Id say its the light mate i took them out of the growbox and put them on the counter and the sun was shinning on them through the door, I flushed it anyway till clear runoff was pretty brown, bit of white throffy crap around the top when the water was on it which is problbly the acidity buildup, i put it bak in the box will leave it for a day or two and see if she gets better, if not i know i need to get it more nutes yes? i have Second nature tetra-grow nutes, 2bottles, i dont have a ph tester atm will pick one up soon.


----------



## Hick (Sep 3, 2006)

I googled those nutes and came up with 0 information.
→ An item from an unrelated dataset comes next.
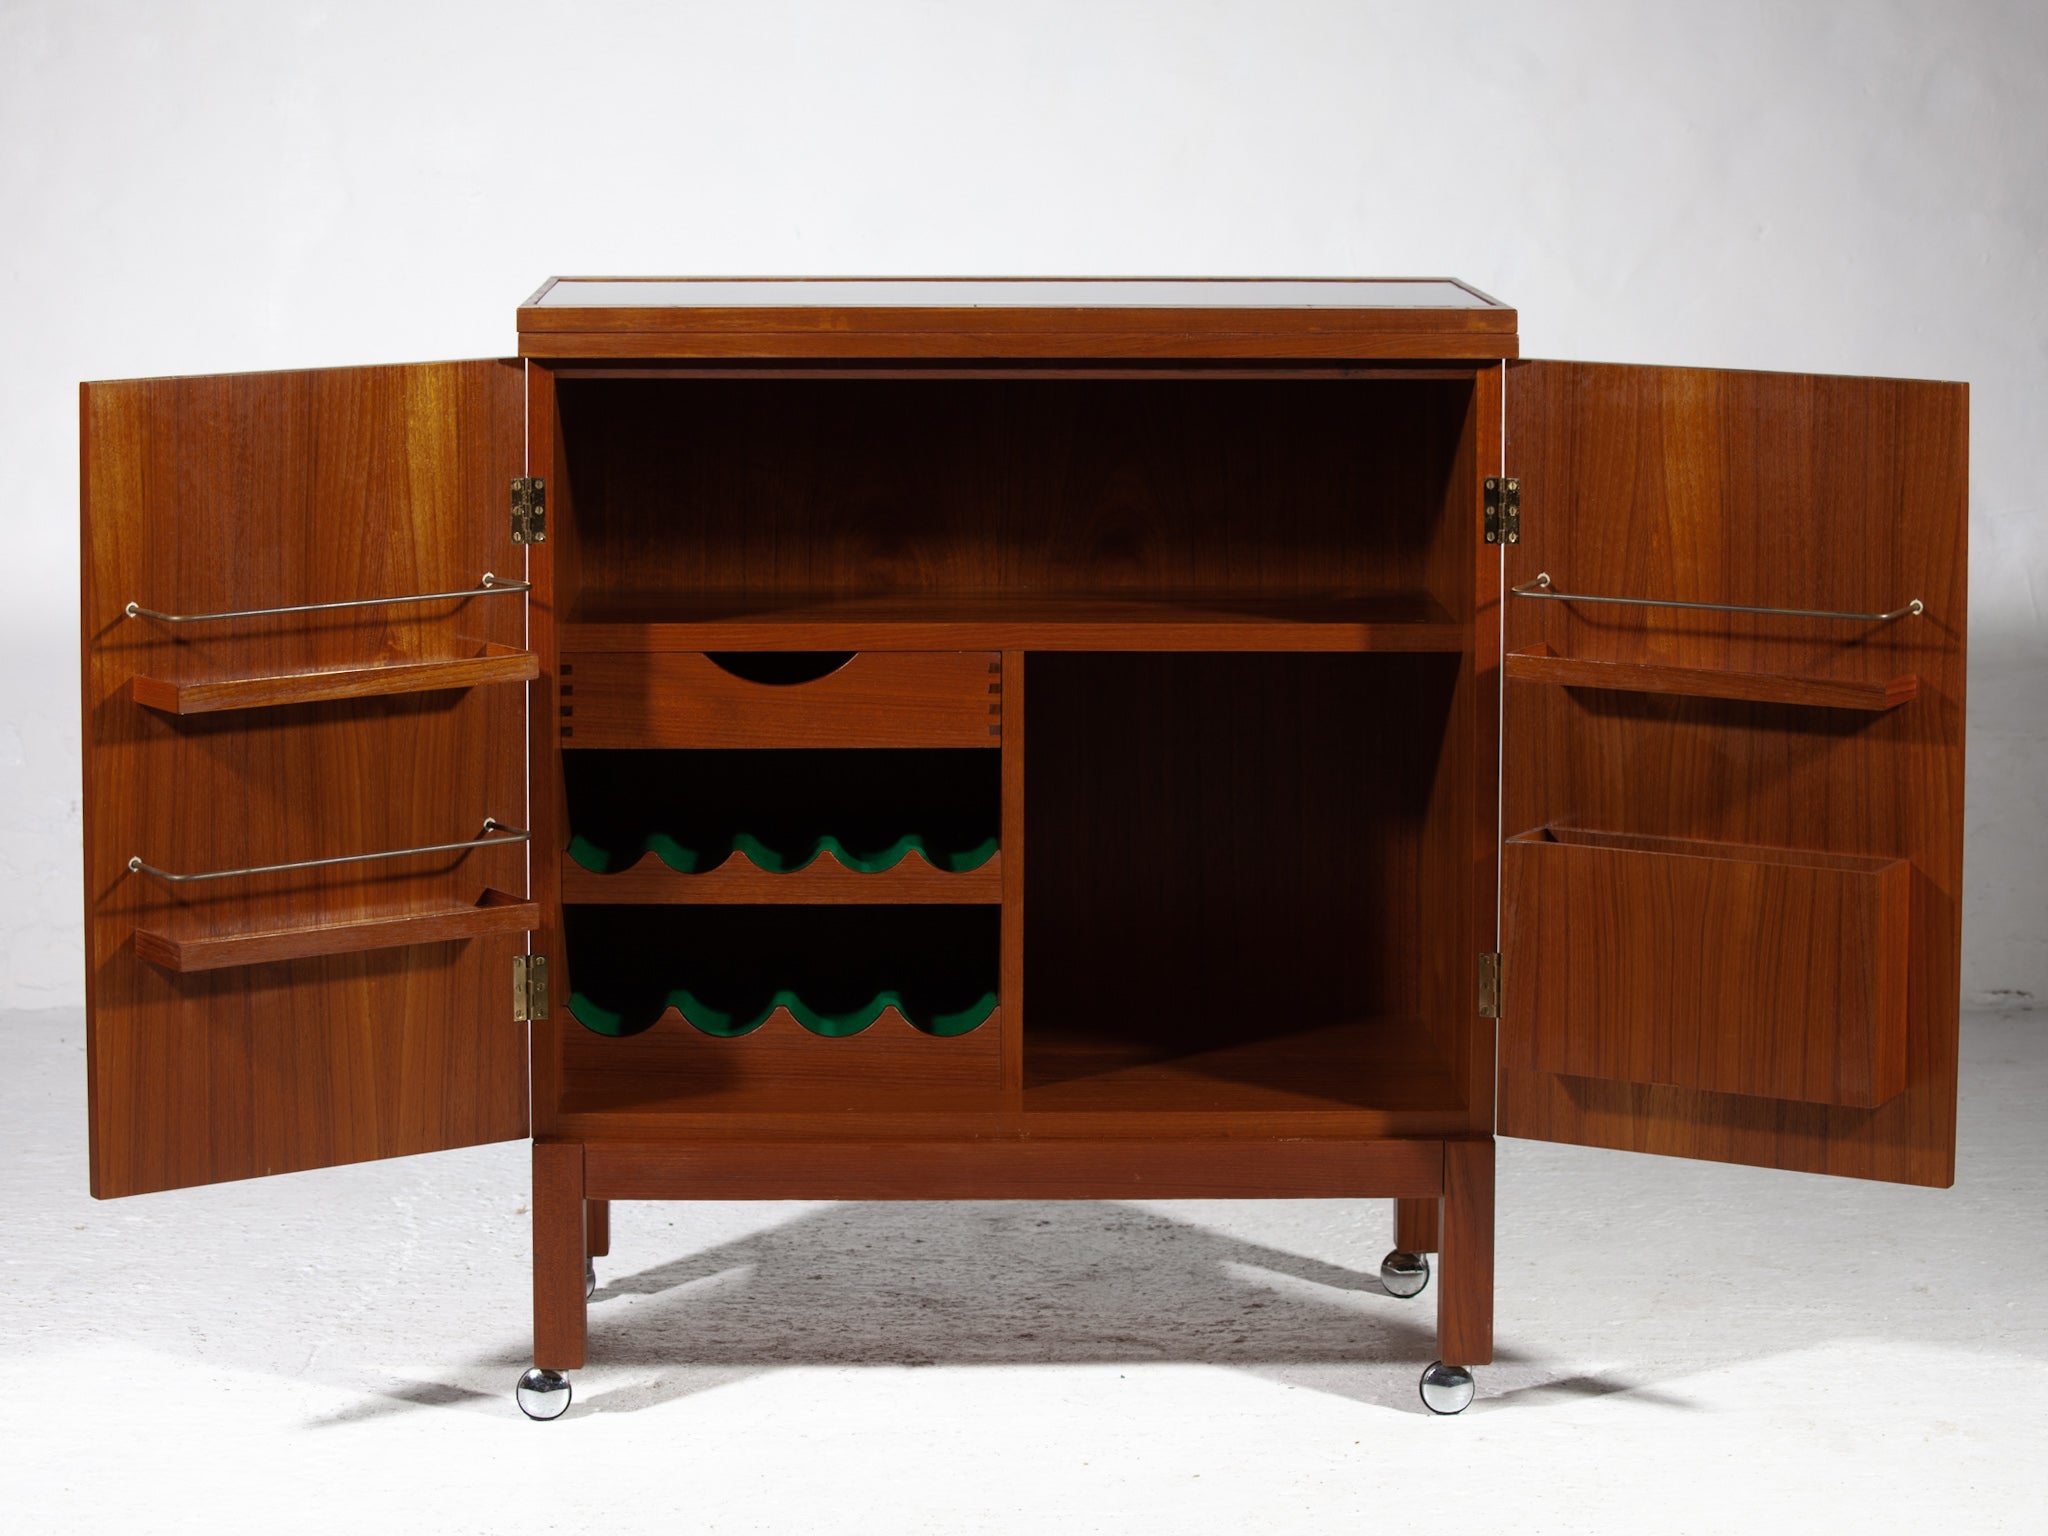 Mid-Century Modern “flip top”, bar cabinet/ cart by Torbjorn Afdal for Mellemstrands Møbelfabrik / Bruksbo of Norway, circa 1960s. 
Featuring in teak, with a fully finished back and teak interior. The finished back side makes this cart ideal for

Whats the NPK?...2 bottles?..to be mixed?...
If th plant "is" green and not the pale white the pic appears, the nitrogen/irpn deffeciency diagnosis could be well off base. We still need a PH reading.


----------



## unix (Sep 3, 2006)

In aus nothing has a npk rating on the bottle, i took some pics of my nute bottles and the lables for ya, My plant is still prettygreen i took another pic of that under better light conditions and it looks alot greener than the first pic. I got the nutes at a local hydro shop i told the guy i needed nutes for veg and he gave me this stuff...


----------



## Hick (Sep 3, 2006)

that picture looks a lot better. 
I am not able to make heads or tails from those labels, Sorry. I like/need to know "what" is in the products that go into the pots. Maybe someone else here has some experience or info on those nutes. But without some idea of n-p-k ratios, "I'm lost"...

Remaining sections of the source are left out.